Birthstone · October
October Birthstones
The most colorful month. October's two birthstones — opal and tourmaline — are long tied to creativity, imagination, and emotional honesty.
October is the most colorful month on the birthstone calendar. It carries two official modern stones: opal as the primary and tourmaline as the alternative. Opal is unlike any other gem — a hydrous silica that holds 3 to 21 percent water and flashes a shifting play-of-color as light moves across it. Tourmaline is the great spectrum stone, a borosilicate that grows in nearly every color there is, including the pink-and-green watermelon crystals it's loved for.

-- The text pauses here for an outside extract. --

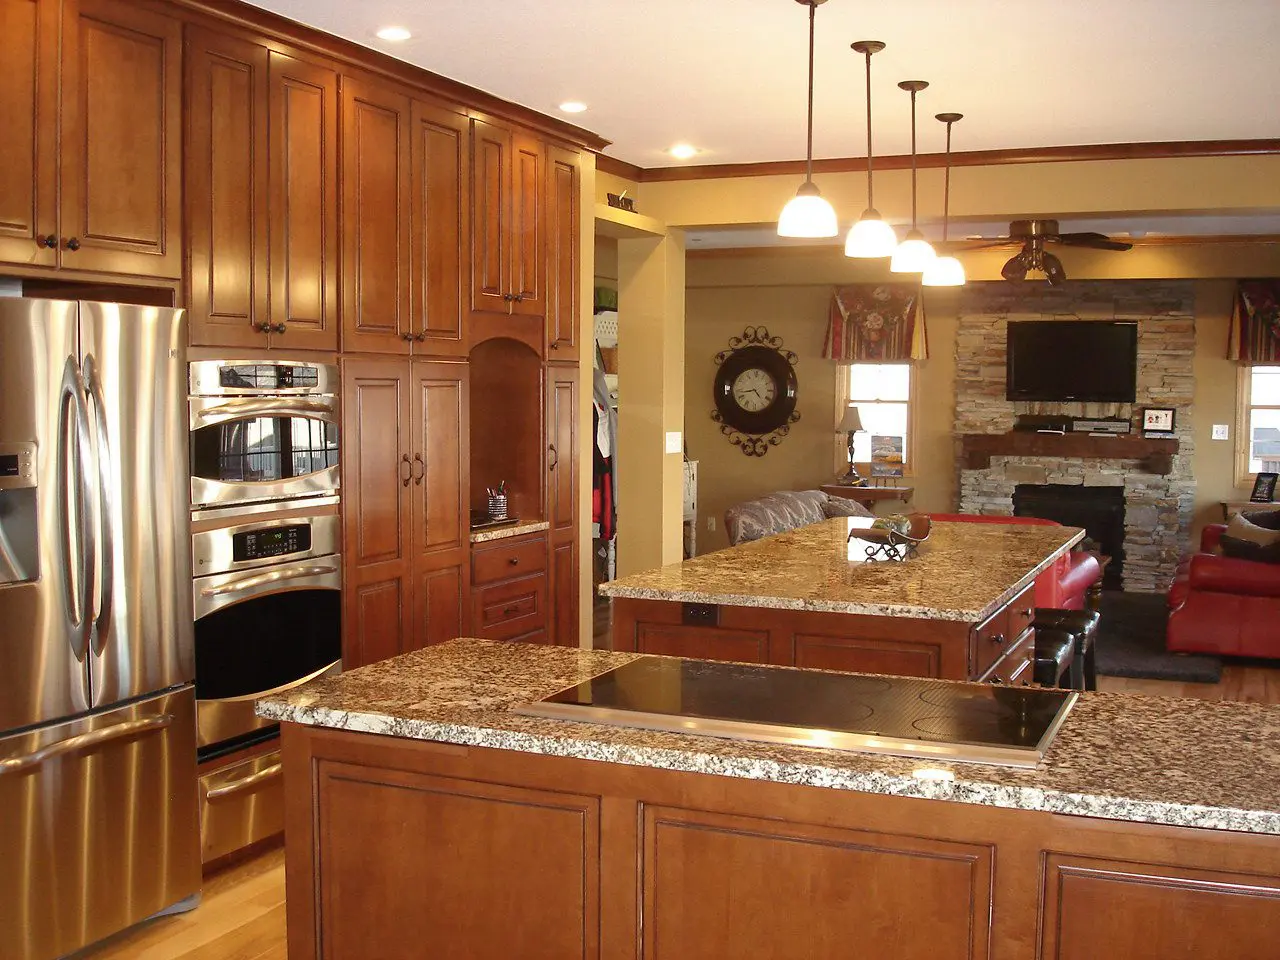 Woodberry kitchen remodelling with curio cabinets

Crystal tradition has long tied October's stones to creativity, imagination, and emotional honesty — opal for the inner eye and hope, tourmaline for balance and protection. We've spent 14 years among stones like these. Below you'll find October's birthstones, the older traditions behind them, and the pieces we'd actually reach for — with an honest word about what to look for, because opal is a stone where treatment and imitation are common.
- Modern birthstone
- Opal
- also Tourmaline
- Color
- Iridescent play-of-color
- Tradition
- Long tied to creativity, imagination, and emotional honesty.
The stones we'd reach for
October crystals
Natural, quality-verified stones tied to the month — read what each is known for, then explore its full profile.

Tourmaline
A borosilicate (Mohs 7–7.5) that grows in nearly every color — black, pink, green, and the prized pink-and-green watermelon. Long associated in tradition with emotional balance and protection, and durable enough for daily wear; a natural, honest October stone.
Explore Tourmaline →
Black Tourmaline
Opaque jet-black schorl (Mohs ~7.25), the most-reached-for tourmaline. The stone crystal tradition turns to first for grounding and protection — an affordable, hard-wearing way to mark an October birthday.
Explore Black Tourmaline →
Fire Agate
A brown chalcedony quartz (Mohs 6.5–7) with iridescent flashes of red, orange, and green — it mirrors opal's play-of-color in a far tougher, more affordable stone, and won't dry out or craze the way opal can.
Explore Fire Agate →
Opal
Hydrous silica (Mohs 5.5–6.5) famous for its shifting play-of-color. Worth buying with care: much affordable 'opal' is a lab-grown stone, a doublet, or a triplet rather than solid natural opal. We disclose exactly what each piece is. Solid opal is also water-bearing and can crack if it dries — keep it from heat and harsh cleaners.
Explore Opal →
Across tradition
The older birthstone systems
Before the modern list, other traditions paired the month with their own stone.
Good to know
Questions about the October birthstone
What is the October birthstone?
October has two modern birthstones: opal is the primary and tourmaline is the official alternative. Either is a correct choice — and for everyday wear, tourmaline is the tougher of the two.
Is tourmaline an October birthstone?
Yes. Tourmaline was added as October's alternative birthstone in 1952 to give the month a durable, faceted option alongside opal. Its huge color range — especially watermelon tourmaline — has made it a favorite in its own right.
What color is the October birthstone?
Opal's signature is play-of-color — flashes of many colors shifting across a pale or dark body. Tourmaline covers the whole spectrum, from black to pink to green. October is less one color than all of them.
Is October opal always natural?
Not always — and it's the main thing to check. A lot of affordable opal is lab-created, or a thin slice backed and capped as a doublet or triplet. We tell you exactly what each stone is. If you want opal's fire in a guaranteed-natural, hard-wearing stone, fire agate is an honest alternative.
Is my birthstone the same as my zodiac stone?
Not always. A birthstone follows the calendar month; a zodiac stone follows your sun sign, and October spans Libra and Scorpio. Both threads are linked above.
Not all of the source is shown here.